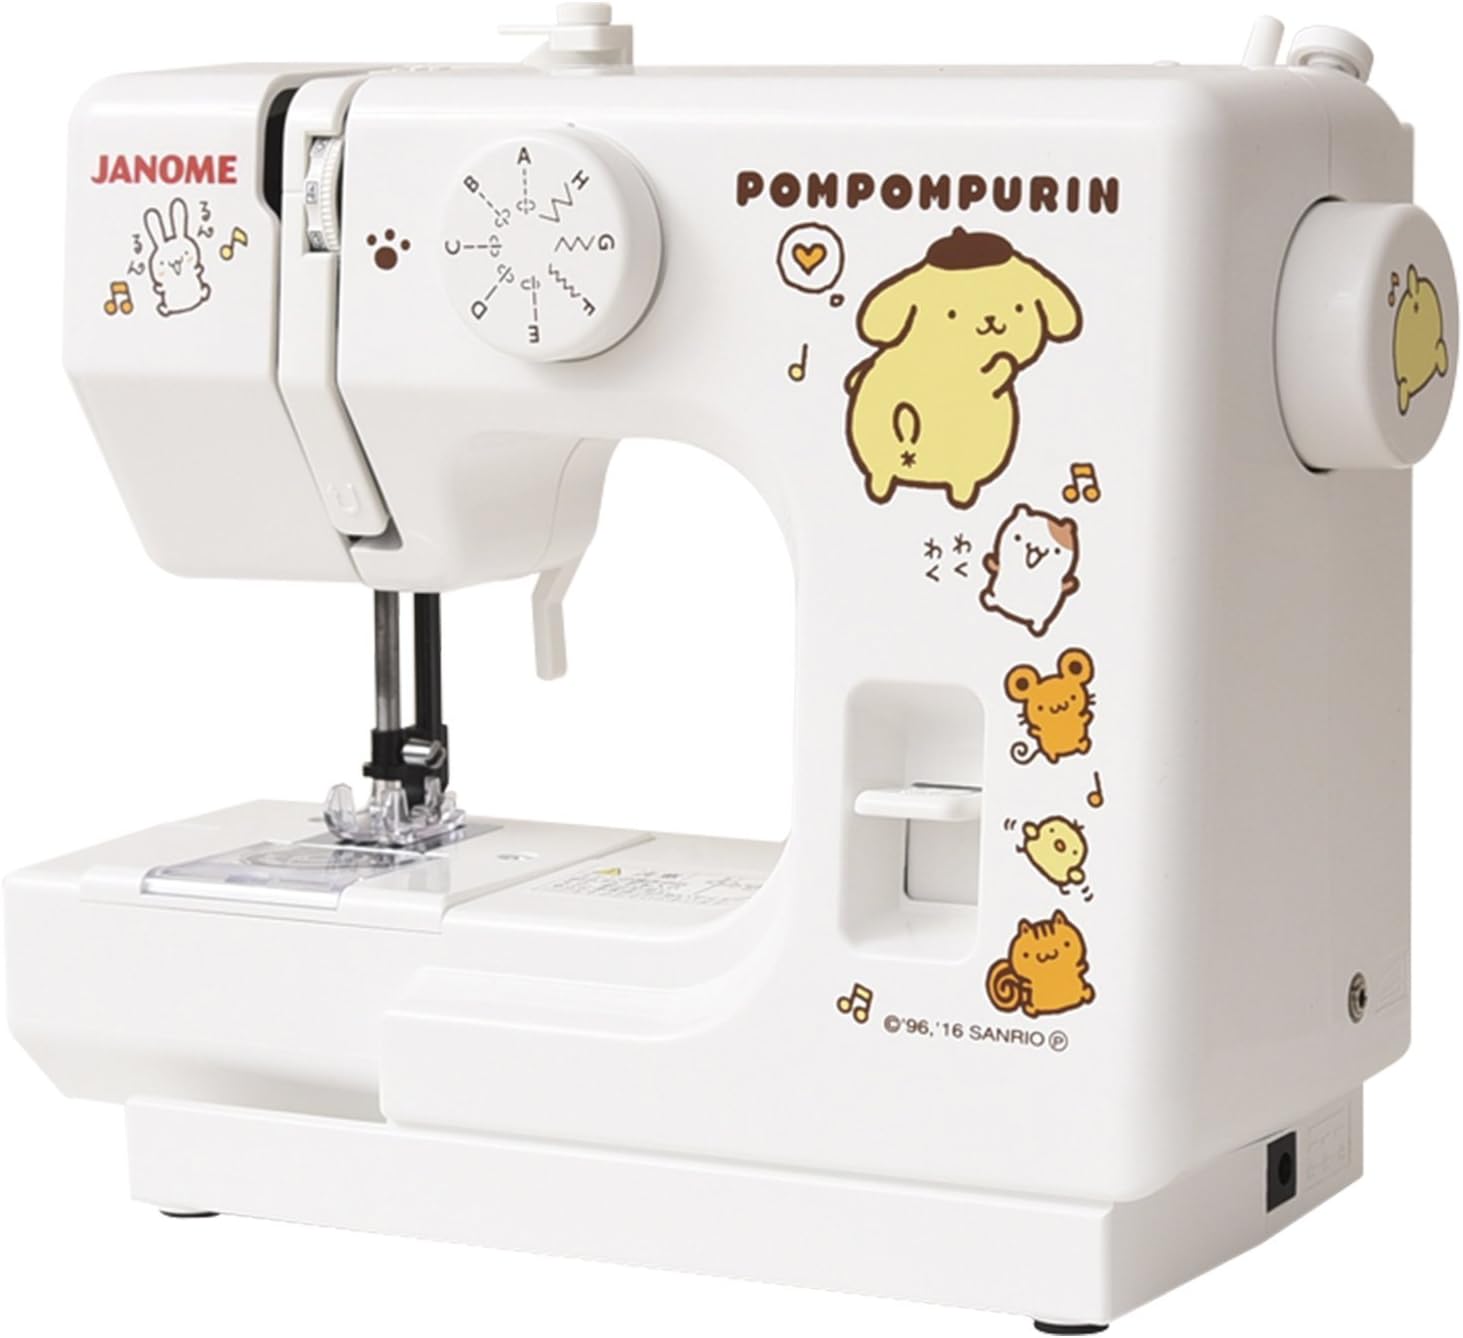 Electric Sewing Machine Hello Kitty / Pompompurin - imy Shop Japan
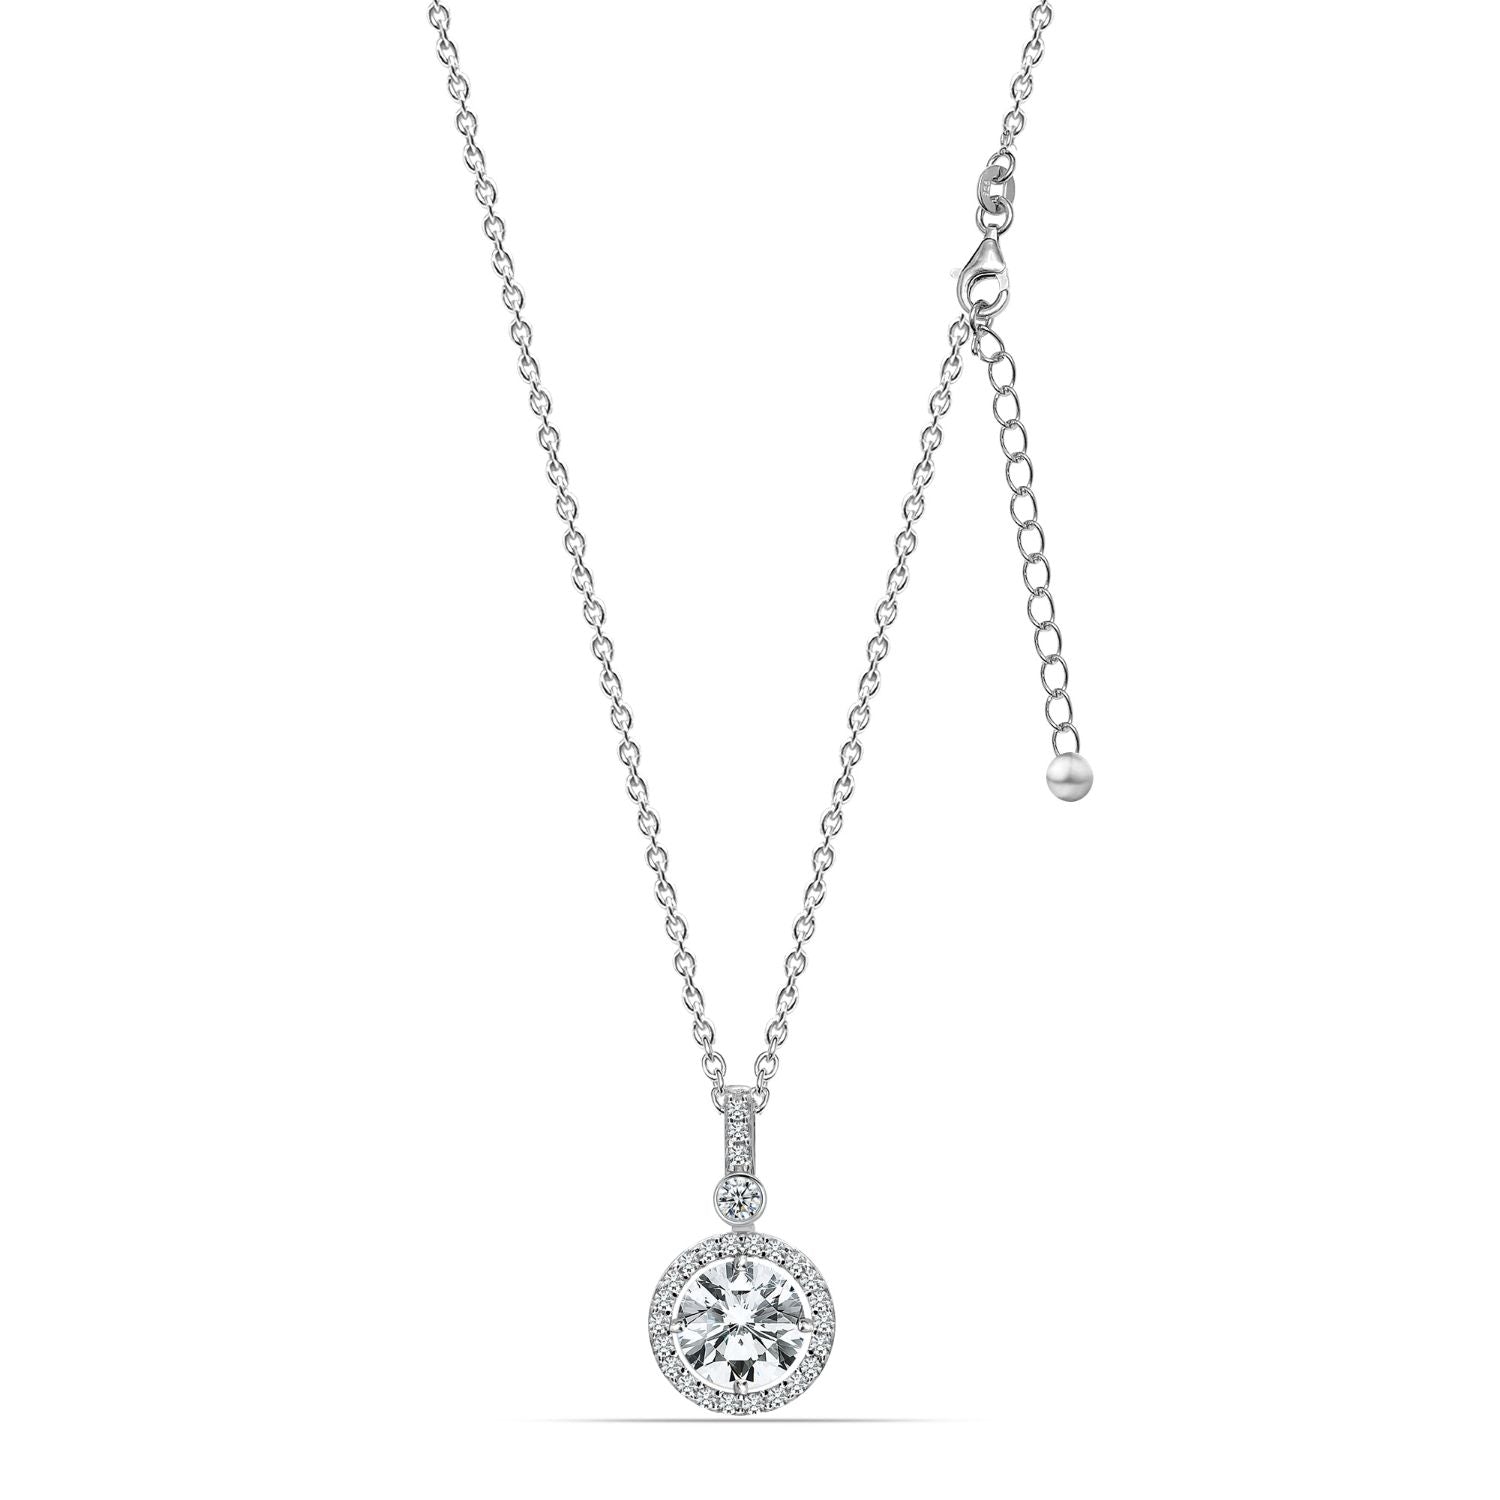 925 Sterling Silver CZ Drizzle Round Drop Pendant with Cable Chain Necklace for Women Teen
* * *
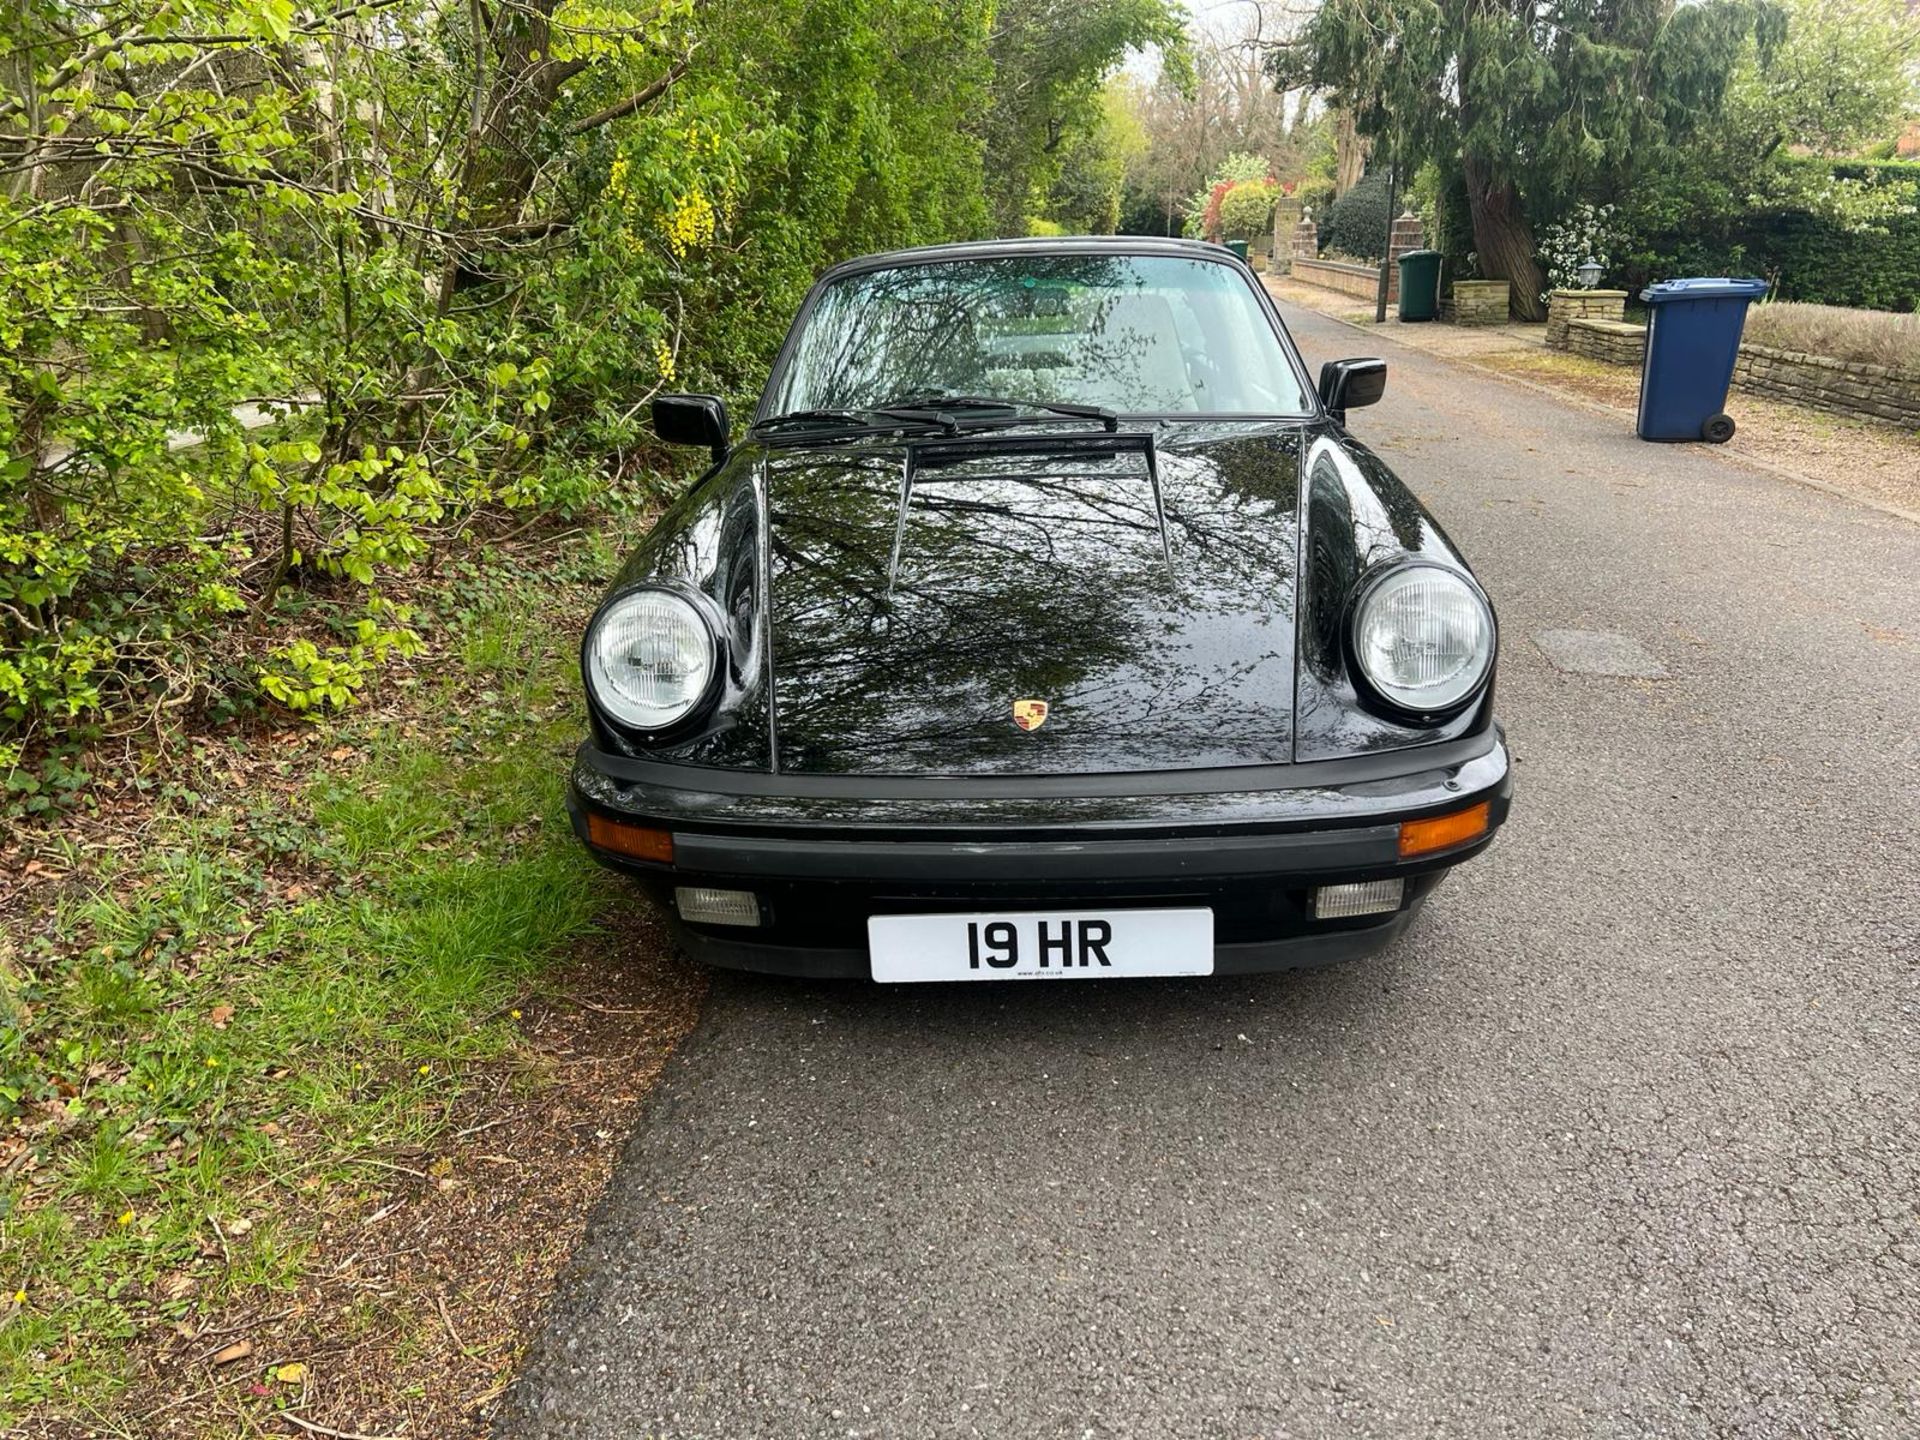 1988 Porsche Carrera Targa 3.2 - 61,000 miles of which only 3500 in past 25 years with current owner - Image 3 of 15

__DESCRIPTION OF THE TASK__
Repeat only the stretch of data above that runs from the line with "Electric Sewing Machine" to the line with "925 Sterling Silver". Keep both end lines; exclude pictures.

__WRITTEN RESPONSE__
 Electric Sewing Machine Hello Kitty / Pompompurin - imy Shop Japan
 925 Sterling Silver CZ Drizzle Round Drop Pendant with Cable Chain Necklace for Women Teen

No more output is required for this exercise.